Actually I read that yesterday BlackSunchine when I was doing my search on the pellets. You could be on to something. However, that is only one review and it came from the manufacturers website so I'm still not convinced.

When I was reading the review, they did bring up some good points. And I will be adding the pellets to my Pygos diet.

Hater


----------



## Sheppard (Jul 8, 2004)

Great infor on pellets guys! 
For the life of me I cannot get my Pygo's to eat pellets. I would be so very proud of them if they would just do it!

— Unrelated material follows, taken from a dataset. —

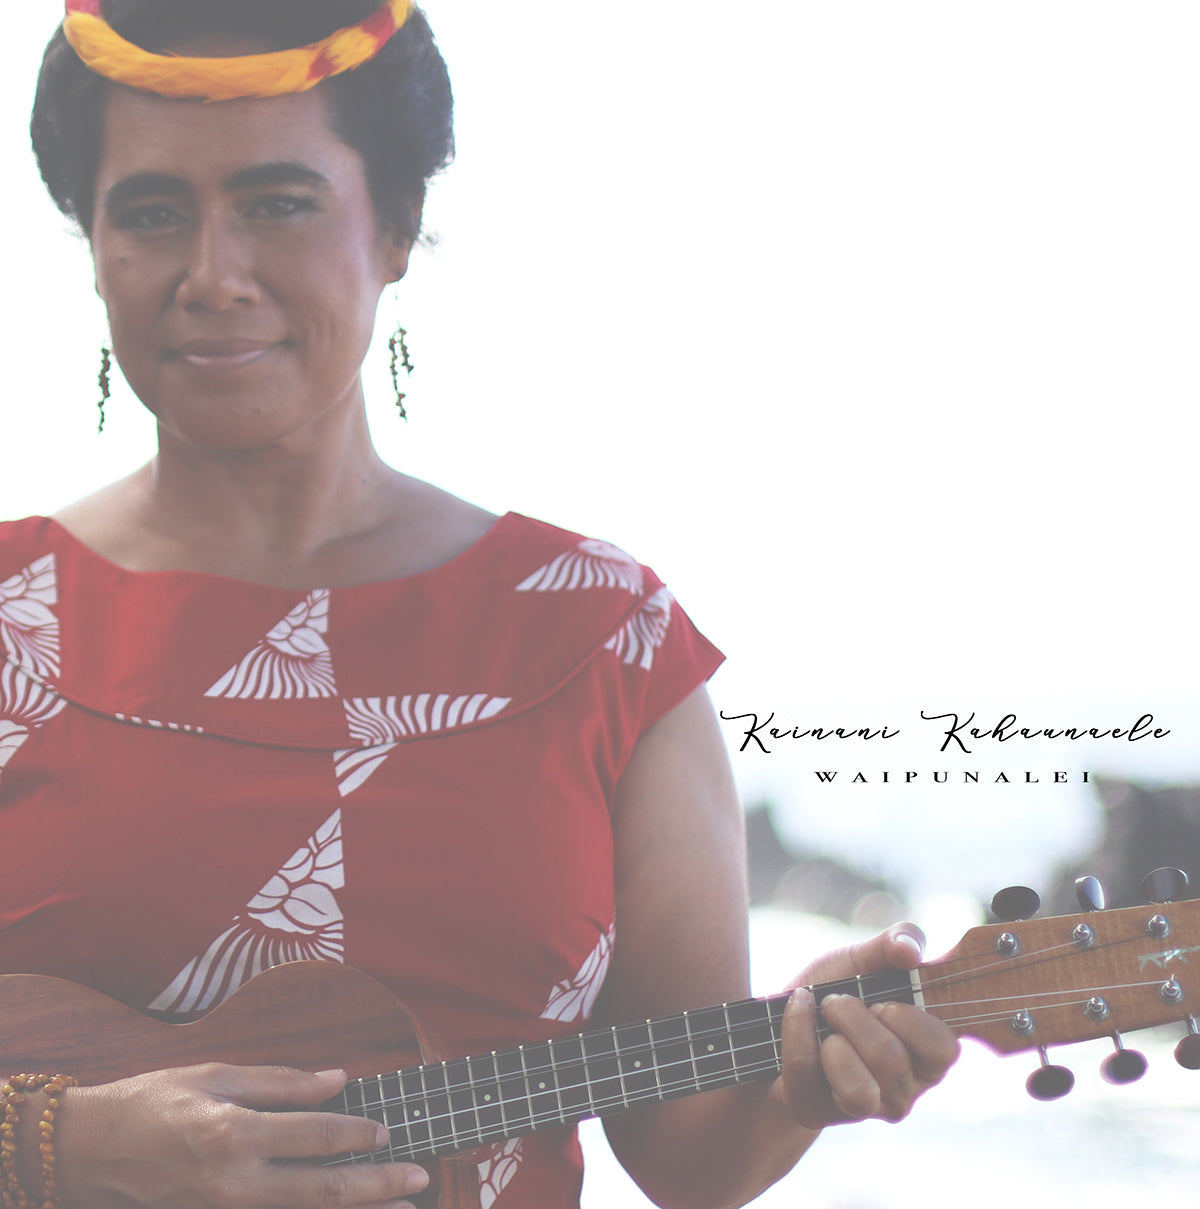 LIMITED Waipunalei EP Vinyl Album by Kainani Kahaunaele

Is there any way you guys trained them to eat pellets? Or did you just get lucky and they ate them willingly?


----------



## RAZOR_TOOTH (Jun 22, 2006)

Ive been feeding by Ps the regular Hikari Gold pellets, Ill have to switch to the bio gold now if its that good..
Thanks for the info...

R.T.


----------



## Hater (Apr 21, 2006)

Sheppard said:


> Great infor on pellets guys!
> For the life of me I cannot get my Pygo's to eat pellets. I would be so very proud of them if they would just do it!
> 
> Is there any way you guys trained them to eat pellets? Or did you just get lucky and they ate them willingly?


Sheppard, I'm afraid that starvation and patience is the key.

I starved my fishes for 3 days, waited till night time and threw in some pellets. Some of the Piranhas took to them and some didn't.

The next day I did the same thing and the day after that until finally they all came around. Now they go crazy for them.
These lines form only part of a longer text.